A stone of 400g is whirled by a string of length 2.8m so that it moves in horizontal circle of radius 0.7m.find the tension on the string.
m v^2/r horizontal
m g down
tan theta = mg/(mv^2/R)where theta is angle down from horizontal
but
cos theta = .7/2.8
so theta = 75.5 deg
so tan theta = 3.87
so
3.87 = mg/mv^2/R = 9.81/(v^2/.7)
v = 1.33 m/s
m v^2/R = .4*1.77/.7 = 1.01
m g = .4*9.81 = 3.92
T^2 = 1.01^2 +3.92^2
T = 4.04 N
To find the tension on the string, you can use the centripetal force equation. The centripetal force is the force that keeps an object moving in a circular path and is given as:
F = (m * v^2) / r
Where:
F is the centripetal force
m is the mass of the object (400g = 0.4kg)
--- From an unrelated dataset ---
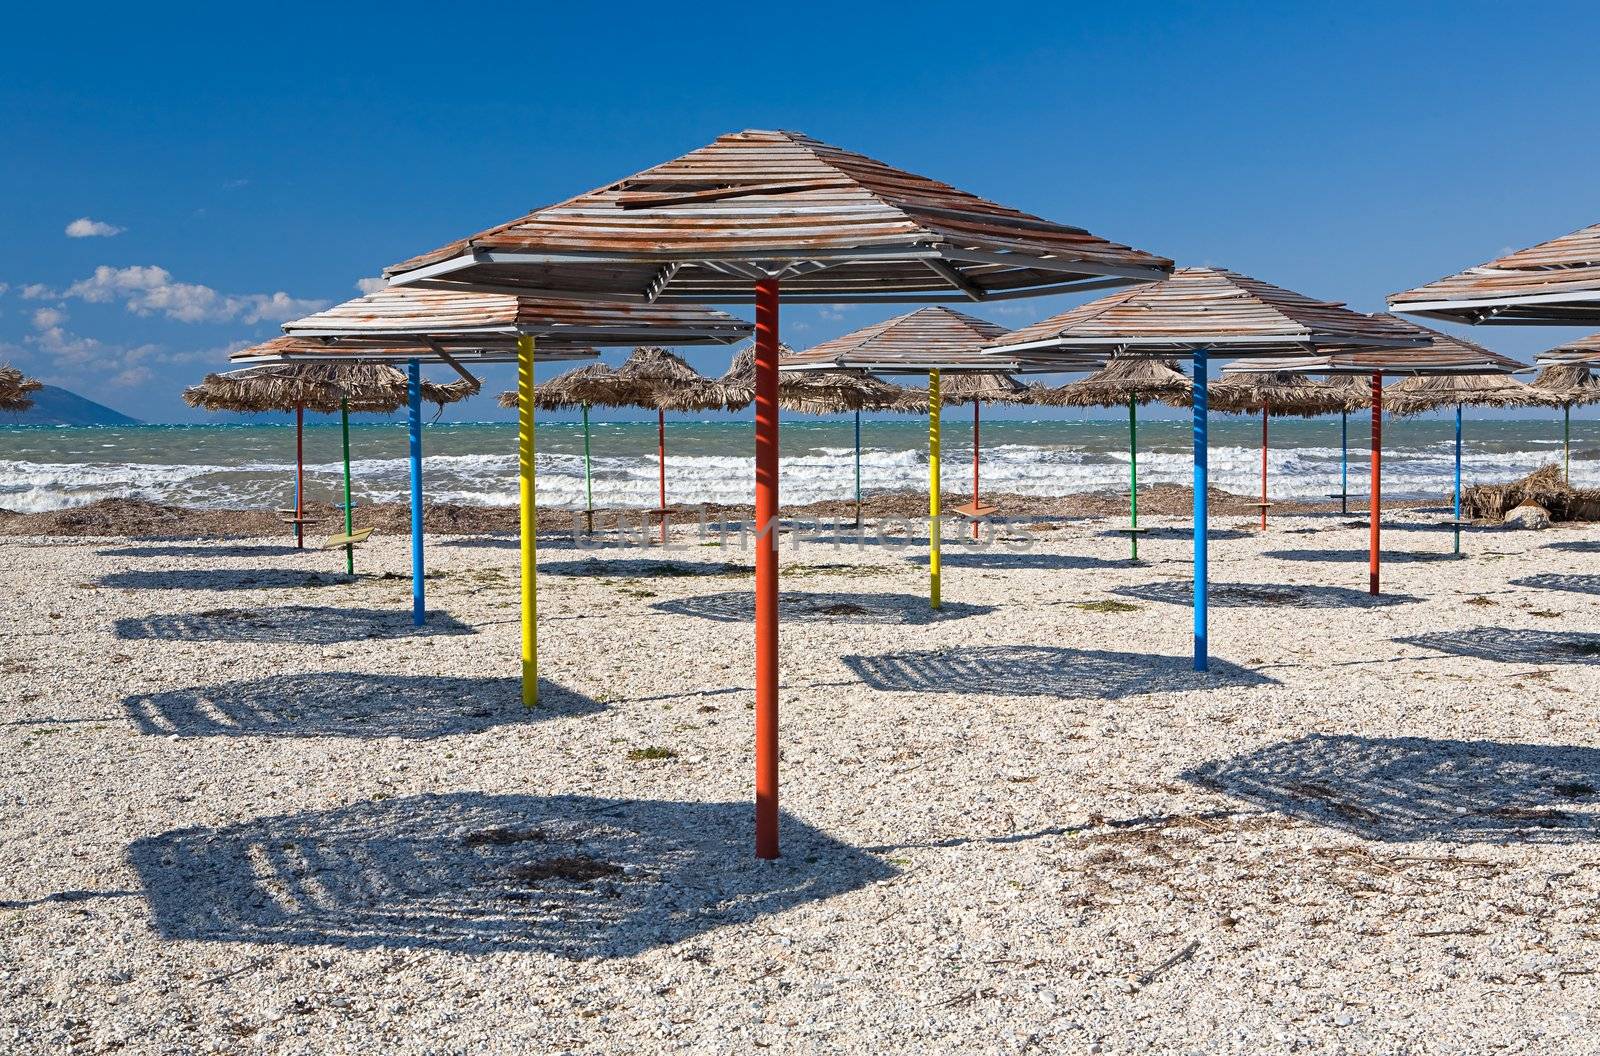 Set of beach umbrellas on sand making shadows under the blue clear sky in hot day

v is the velocity of the object
r is the radius of the circular path
In this case, the velocity (v) of the object can be determined using the formula:
v = (2 * π * r) / T
Where:
π is the mathematical constant pi (approximately 3.14)
r is the radius of the circular path (0.7m)
T is the time taken to complete one revolution
Given that the object is whirled by a string, we can assume the time taken for one revolution is equal to the period (T) of the circular motion.
To find T, you need to know the speed of the object which can be determined using the length of the string. The speed (v) is given by:
v = 2πr / T
Rearranging the equation:
T = 2πr / v
Now, let's calculate the values step by step:
1. Convert the mass from grams to kilograms:
m = 400g = 0.4kg
2. Calculate the time taken for one revolution (T):
T = 2π(0.7m) / v
3. Calculate the velocity (v):
v = 2π(0.7m) / T
4. Substitute the velocity (v) into the centripetal force equation to find the tension (F):
F = (m * v^2) / r
By following these steps and substituting the appropriate values, you can determine the tension on the string in the given scenario.